Whose interests are at greater stake within your own memories, for example? Can you even invent a fictitious scenario, where someone else's "right" to make you forget something, outweighs your right to remember the same thing? I can't. In my head and in my computers, my rights are more important than anyone else's. It's not even "just a little bit" more important, either. We're talking "worth killing people for" level importance. Imagine someone credibly said they're about to perform surgery on you to force you to forget something. You would consider that to be an attack, against both your body and dignity. It simply wouldn't be tolerable, under any circumstances. You would kill someone to prevent that, and you would approve someone else killing to prevent that. It's that important.

So I think this all going to be more about regulating commerce or speech (e.g. Google telling things to people) than actually regulating memories. Google can be allowed to know something, but not allowed to speak it.

If we focus it that narrowly, then there shouldn't be any weird made-up-rights paradoxes. Indeed, it almost could get sucked in to plain libel laws, except being a weird case where the regulated statements happen to be true rather than false, but are otherwise treated as being similarly harmful.

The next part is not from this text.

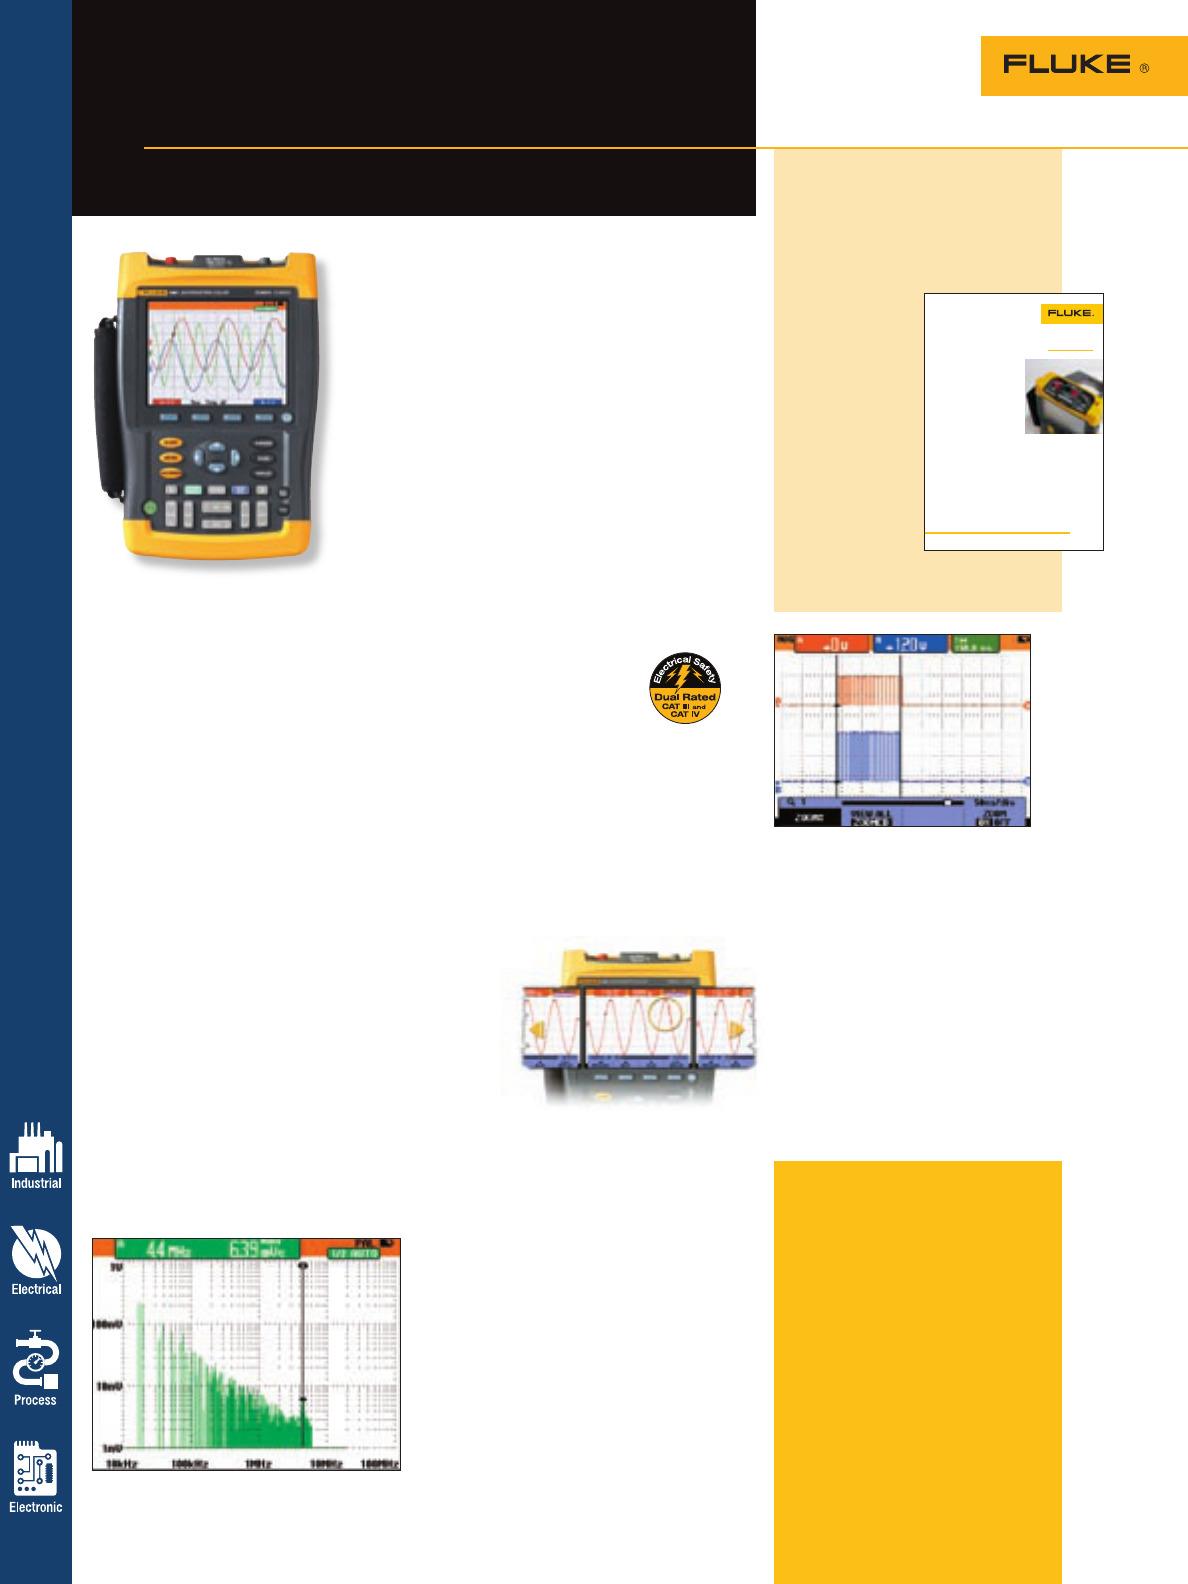 hight resolution of accessories catalog 2017 fluke electronics digikeyfluke 744 3 wire rtd diagram 19

And really, that's going to be enough. It's going to address the problem sufficiently, and also even speech regulation is hard enough for people to swallow, that there will (and should be!!) plenty of opposition to even going that far. This battle plan is quite ambitious enough!

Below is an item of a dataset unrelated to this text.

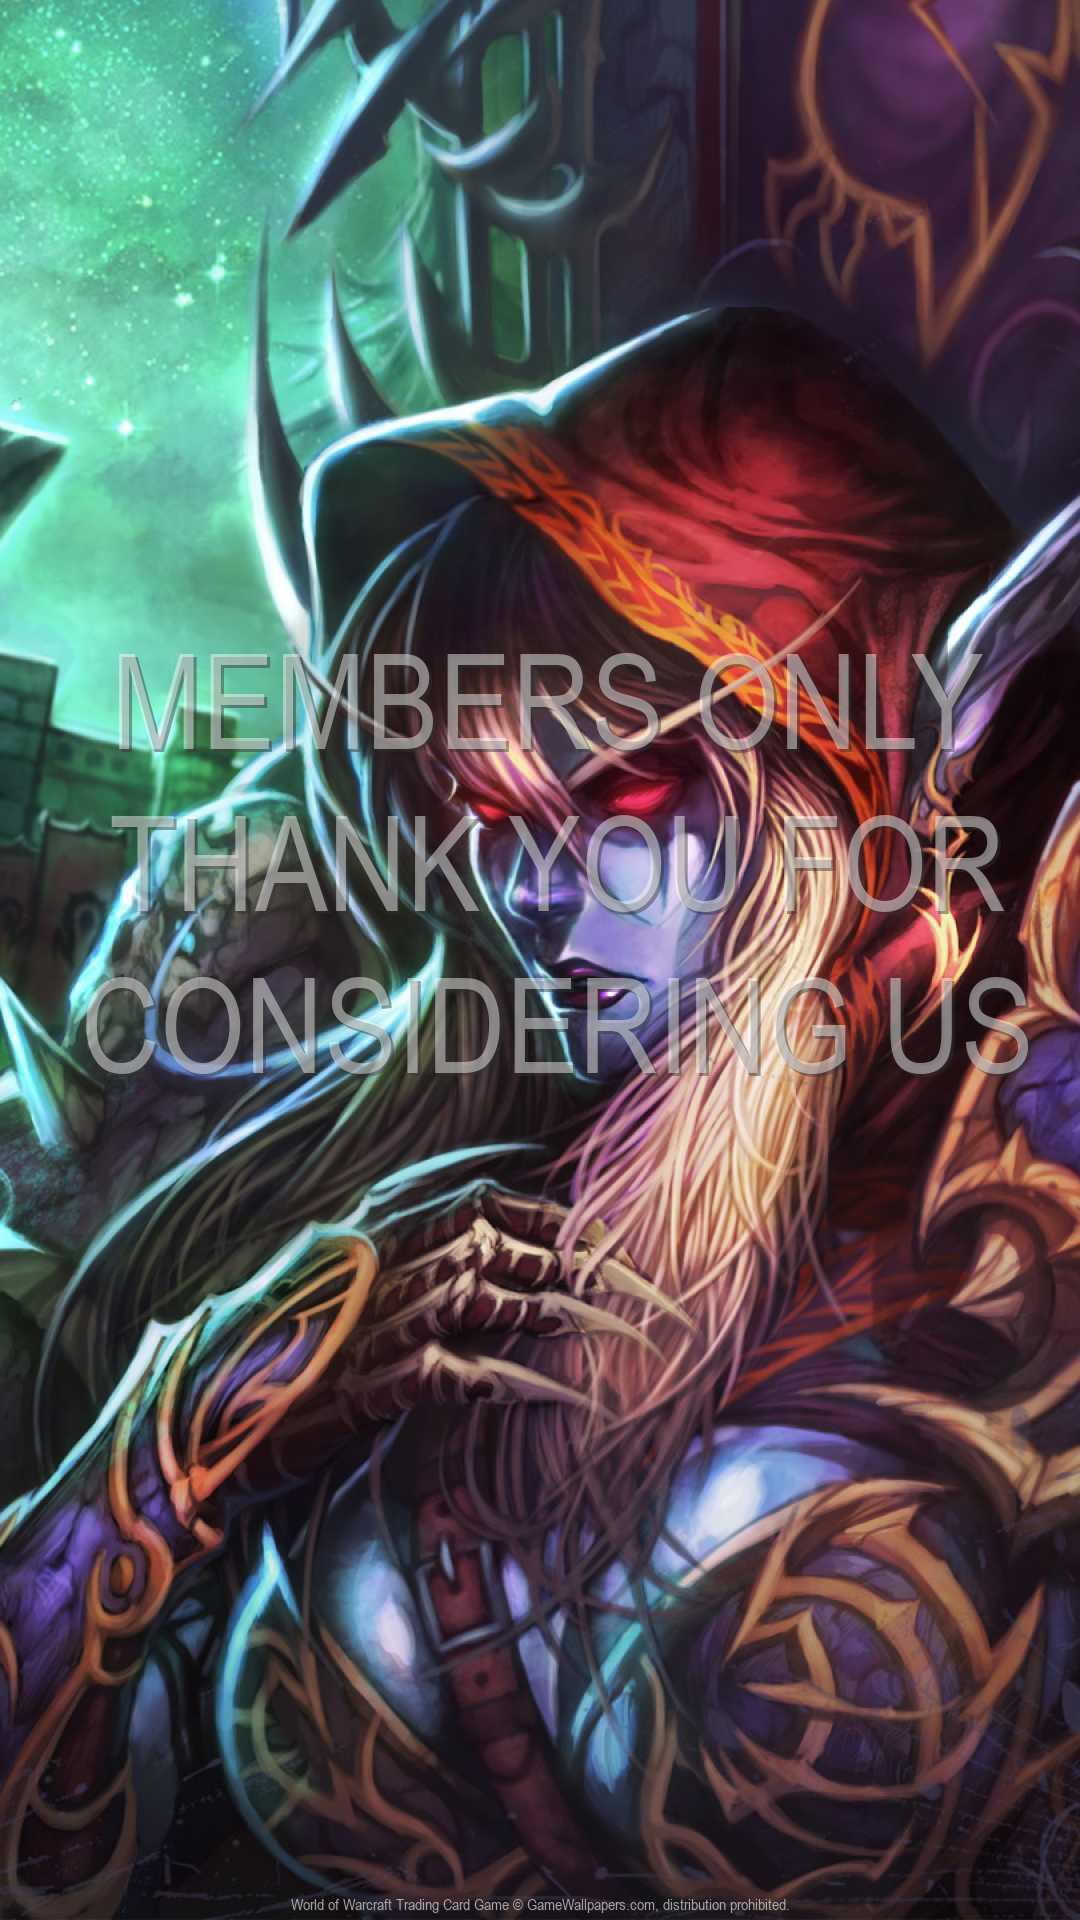 World of Warcraft: Trading Card Game 1080p Vertical Handy Hintergrundbild 51

Comment Re:value scales with screen size (Score 1) 347

Ooo! How about if I only have to pay $25,000 for a Ferari if I promise to only drive it on shitty roads?

Say I'm a car salesman. I just want to sell you a car and get as much profit as I possibly can. I don't care about promises you make about roads (whatever!), but I'm happy to hear you talk about the shittiness or awesomeness of your roads, in the hopes that it reveals information about you to me, so I know how much money you feel like spending.

Suppose I know that you only have shitty roads to drive on. Would you pay over $25k for a car to drive on them? (Depending on what you mean by "shitty" I might even wonder if you would pay over $2500 for a car.) I would make a relatively cheap car and offer it at a price where I think you might bite. I know that if I offer you a Ferrari for $70k you're going to chuckle and keep walking, to my competitor who makes cars more suitable for your road situation.

Yet, there are other suckers who spend more money on their roads, so not only might they be willing to buy more expensive cars, they've shown they have more money to burn, by spending so much on those roads. That's who my Ferrari brand name is for. No, they're not walking out of my store, having paid only $25k. I am going to soak those chumps.

(Now that we're done talking about Market Segmentation 101, can someone help me find where I enter screen size into couchpotato's preferences? And will entering a higher number hit my block accounts harder?)